Подсела поближе к нам колхозница, шестидесятилетняя Моисеева.

— Мы, эта, как только почуяли, что немец к нам идет, подхватились да в лес подальше. Пусть, мол, зверь дикий растерзает, чем зверь двуногий будет мучить. Но ведь зима, снег, следы на нем как отпечатанные. Немцы по следу за нами, да и пригнали всех обратно. Ишь вы, говорят, какие хитрые. На армию фюрера не хотите работать. Шалишь, поработаете. Выпороли для острастки всех — и баб и мужиков, как одного, дома наши позанимали, держали всех, что называется, под прицелом. Я, к примеру, у них в свой подвал была посажена. Ежели выйти куда, то только под конвоем. Месяц были тут с небольшим эти прорвы, а сорок мешков картошки у меня сожрали, корову зарезали, три кадки капусты опорожнили.
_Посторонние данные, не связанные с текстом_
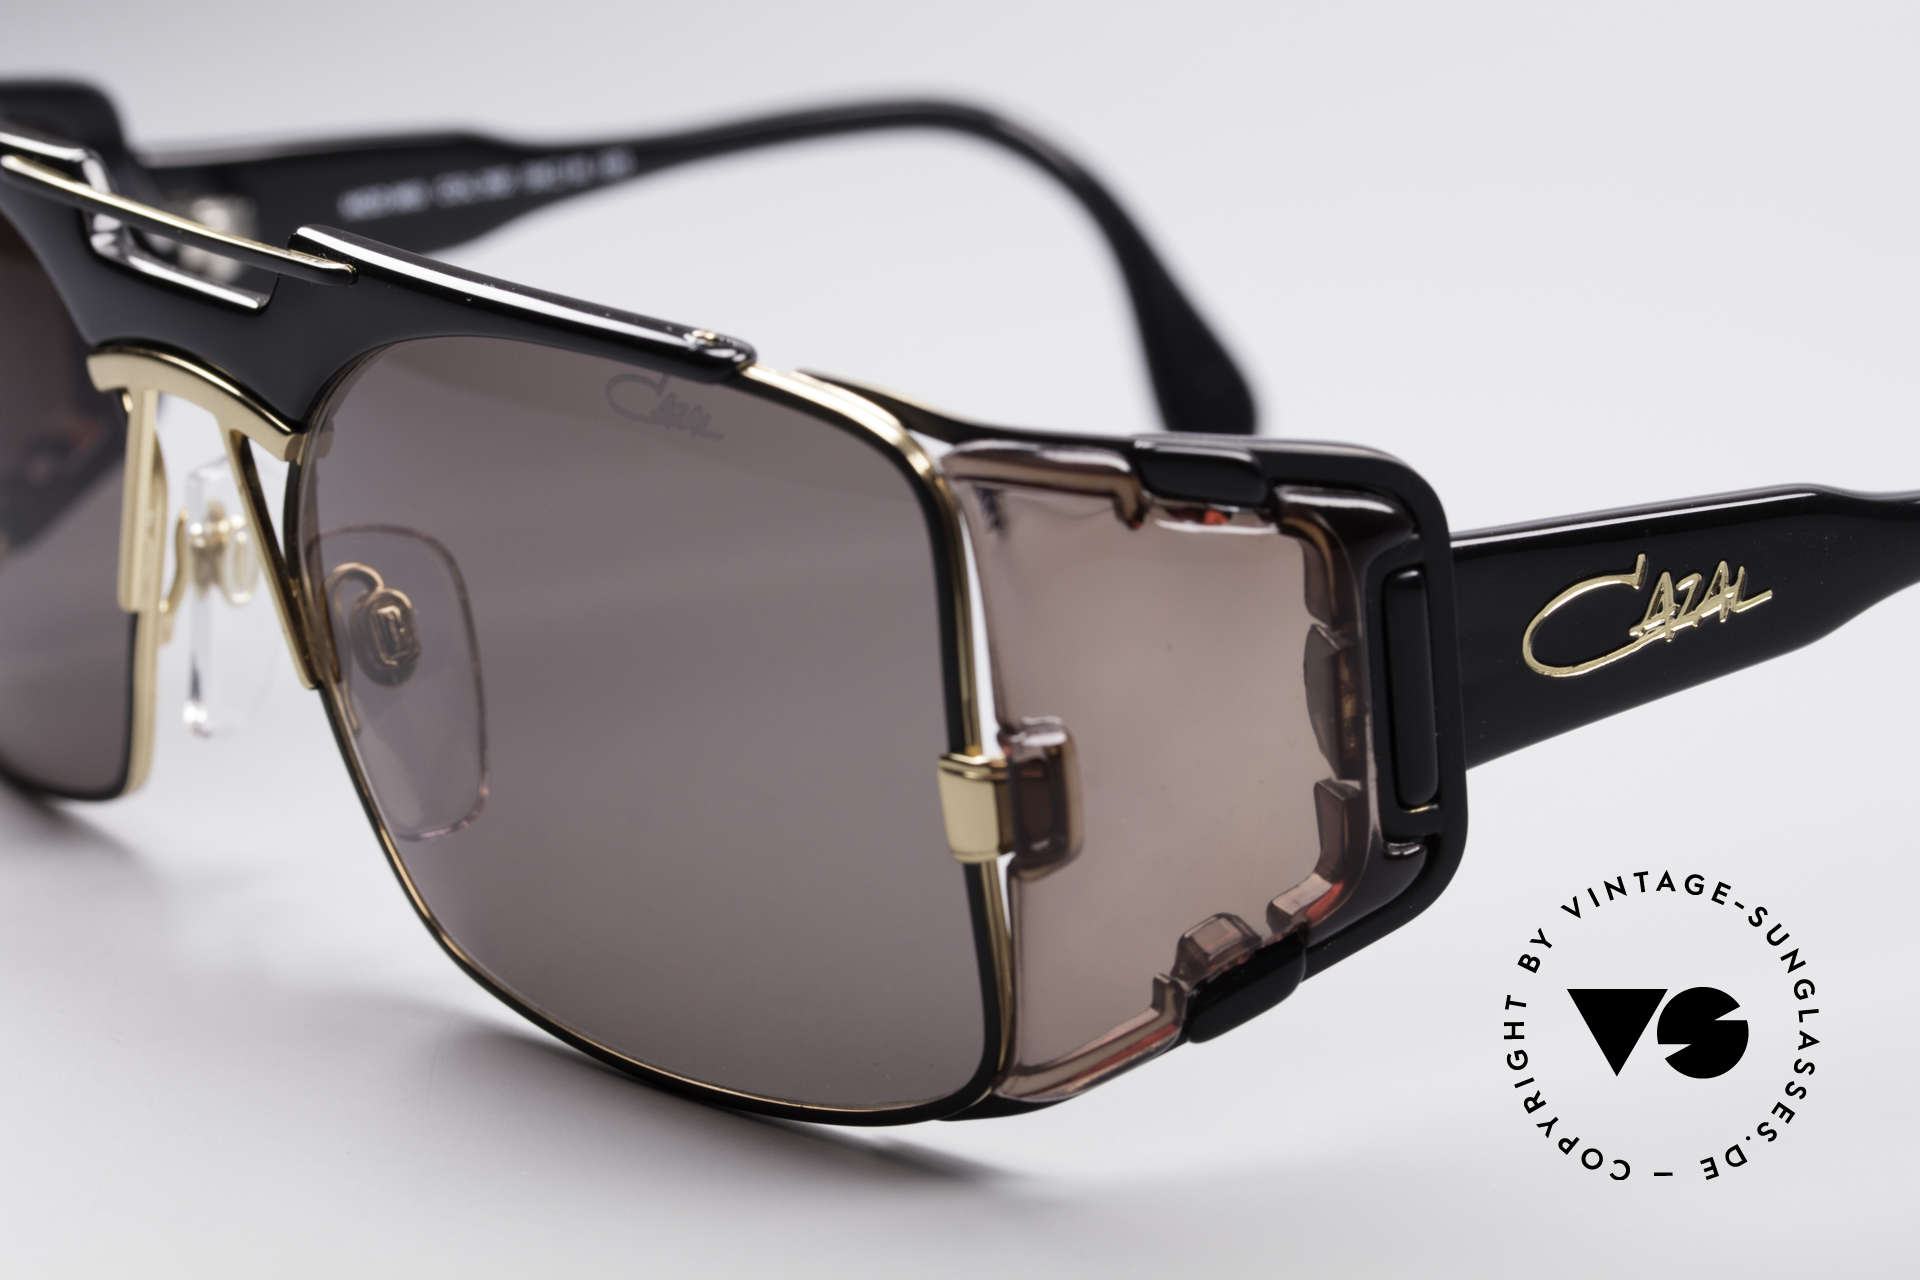 Cazal 963 Old School Hip Hop Brille, ungetragene Rarität inkl. Cazal Karton & Staubbeutel, Passend für Herren und Damen

Подчистую, что та саранча из Библии. А отступать стали, взяли, как у других, и мой дом спалили. На фронте у меня три сыночка и доченька — все воюют. Пишу им в письмах: «Родные мои! Бейте гадов-фашистов, детушки. Отомстите им за муки-страдания старухи матери!» Посмотрите, люди добрые, опухшая же я от голоду, водой вся налившаяся. Вот чего наделали изверги!

Люди рассказывают и рассказывают. Но не слеза у них в голосе, не стон, не уныние. Они немало намучились, и еще впереди достаточно тягот. Но головы никто не повесил, нет. Спаянные несчастьем минувшего плена и радостью освобождения, с какой-то новой, неведомой энергией люди берутся за жизнь, как те, в Лазаревичах, хотят поскорее возродить свой колхоз. В Ругуе бережно хранят все, что уцелело. Собрано зерно для посева, привели из леса трех лошадей и две коровы, из-под развалин сараев и кузницы извлекли плуги. Тоже собирают золу для удобрений.

Кто-то организует эти работы, эти дела? Да, конечно, мы в Ефимовской видели, кто это делает. В Тихвинском районе тоже работает райком партии. Сквозь все трудности прокладывают путь к весеннему севу райземотдельцы, сельсоветы, правления колхозов.

Ругуйский сельсовет с его председателем Калиничевым мы нашли в землянке, где развернула свою работу эта первичная ячейка Советской власти.

Калиничев рассказывает:

— У нас колхозы были богатые. Хлеба, мяса, масла, овощей каждому жителю хватало с избытком. Бывало, идешь по любой из четырех наших деревень, сердце радуется: новые школы, новые дома, новые общественные постройки. Соберутся в избу-читальню вечером мужчины да женщины, размечтаются о будущем — как бы радио в каждый дом провести, где общественный сад разбить, какие новые фермы завести. Если кинопередвижки долго нет — ругаются.

Он ставит печать на бумажку, поданную ему девушкой-секретарем, продолжает:

— Вот вы уже про Ивана Гордеева знаете, которого сожгли в избе. А Гаврилова, того замучили. Старый был человек, под шестьдесят подходило, не пощадили. Молодых парней Матвеева и Иванова до смерти доистязали. Четырнадцатилетнего Васю Матюшина убили. Что говорить, недолго звери пробыли, а успели в одном нашем сельсовете сжечь сто двенадцать жилых домов, две школы, пять скотных дворов, девять свинарников, магазин, клуб, помещение Совета, молокозавод… Все сызнова строить надо. Вот и живем сейчас засучив рукава — и сельсовет, и партийная организация.

Очень важно, что Советская власть оказывает свое влияние на каждом шагу. Люди в разоренном селе Ругуе знают поэтому, что их не оставят в беде, непременно помогут. Им уже известно, что в районах, куда не пропустили немца, для них собирают зерно. Известно даже, что в далеком капшинском колхозе «Шугозеро» для ругуйцев выделили коня с полной упряжью, отсчитали от себя, сколько смогли, плугов и борон и даже кое-что из одежды собрали.

За селом Ругуем, на развилке к Белой, стоит другое разоренное русское село — Кукуй. В нем рядом с кладбищем немецких солдат можно увидеть еще и целый штабель заготовленных березовых крестов. Они были завезены соответствующими службами немецкой армии впрок. Что ж, у каждого свои перспективы. Нам пужны плуги, семена, бороны, им — кресты и могилы.